Tutorials
Huggingface Autotrain

Huggingface Autotrain

⚠️

You training can be interrupted at any point. Please make sure you save your checkpoint regularly and restore from checkpoint when training is interrupted. For more information, please refer to this section

In this tutorial, we will look at how to fine tune a large language model (LLM). We will use the Huggingface Autotrain (opens in a new tab) framework to fine tune the LLAMA model with Alpaca sample dataset from Huggingface (opens in a new tab).

💡

Huggingface Autotrain supports fine tuning other models, such as image models. Interested readers can check their documents and experiment with other models on EverlyAI.

Step 1 Implement Code

We will create two files. everlyai_entrypoint.sh to install dependencies and run fine tuning and dataset_downloader.py to download the dataset from Huggingface and store it in the EverlyAI file storage.

💡

We only need to download the dataset once. Once it is saved to EverlyAI file storage, it is accessible on all instances within the same region.

everlyai_entrypoint.sh
pip install -U autotrain-advanced
 
# Download dataset.
pip install datasets
mkdir -p /everlyai/fs/autotrain
python3 dataset_downloader.py
 
# Start the training process.
cd /everlyai/fs
autotrain llm \
--train \
--model 'tiiuae/falcon-7b' \
--project-name 'everlyai-autotrain' \
--data-path /everlyai/fs/autotrain/ \
--text-column text \
--lr 2e-4 \
--batch-size 1 \
--epochs 4 \
--block-size 1024 \
--warmup-ratio 0.1 \
--lora-r 16 \
--lora-alpha 32 \
--lora-dropout 0.045 \
--weight-decay 0.01 \
--gradient-accumulation 4 \
--mixed-precision fp16 \
--peft \
--quantization int4
dataset_downloader.py
from datasets import load_dataset 
 
# Load the dataset
dataset = load_dataset("tatsu-lab/alpaca") 
train = dataset['train']
train.to_csv('/everlyai/fs/autotrain/train.csv', index = False)

Within the same directory, run the following command to zip the code.

zip code.zip everlyai_entrypoint.sh load_dataset.py

The final directory looks like below.

    • everlyai_entrypoint.sh
    • dataset_downloader.py
    • code.zip
  • Step 2 Create a project

    Now we can fine tune the model to EverlyAI.

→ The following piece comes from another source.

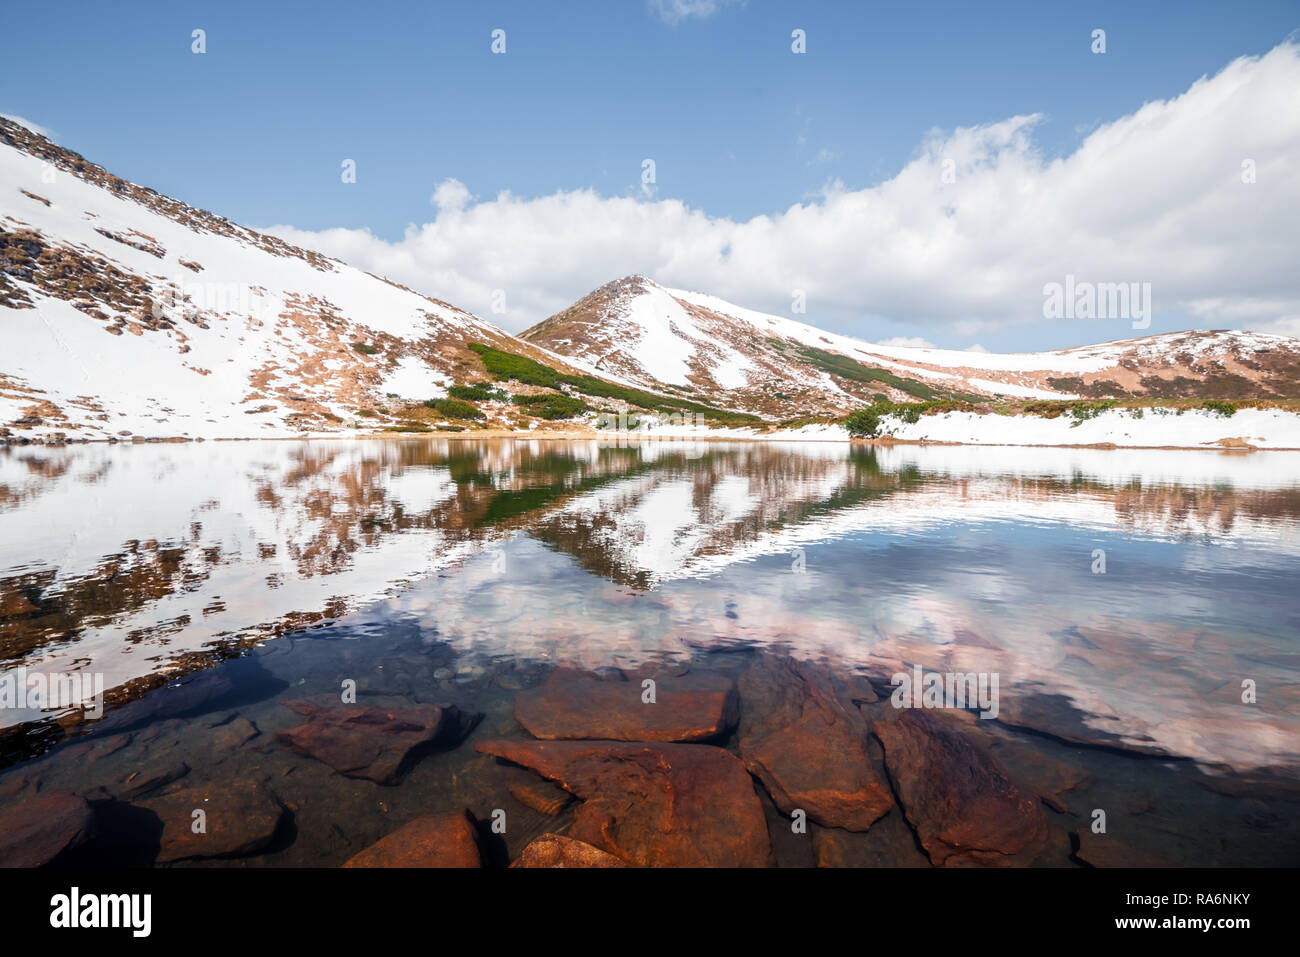 Molla di lago di montagna con acqua limpida e pietre rosse. Il pittoresco paesaggio invernale con colline innevate sotto un cielo blu Foto Stock

    Visit the Projects (opens in a new tab) page and click Create Project button. On the next page, enter the following configurations.

    • change job type to model training
    • change code type to local code
    • select the generated zip file in step 1.

    and click Create button. An example is shown below.

    Step 3 Check model checkpoints

    Once the project completes, we can go to the file storage of EverlyAI and find all the training artifacts there.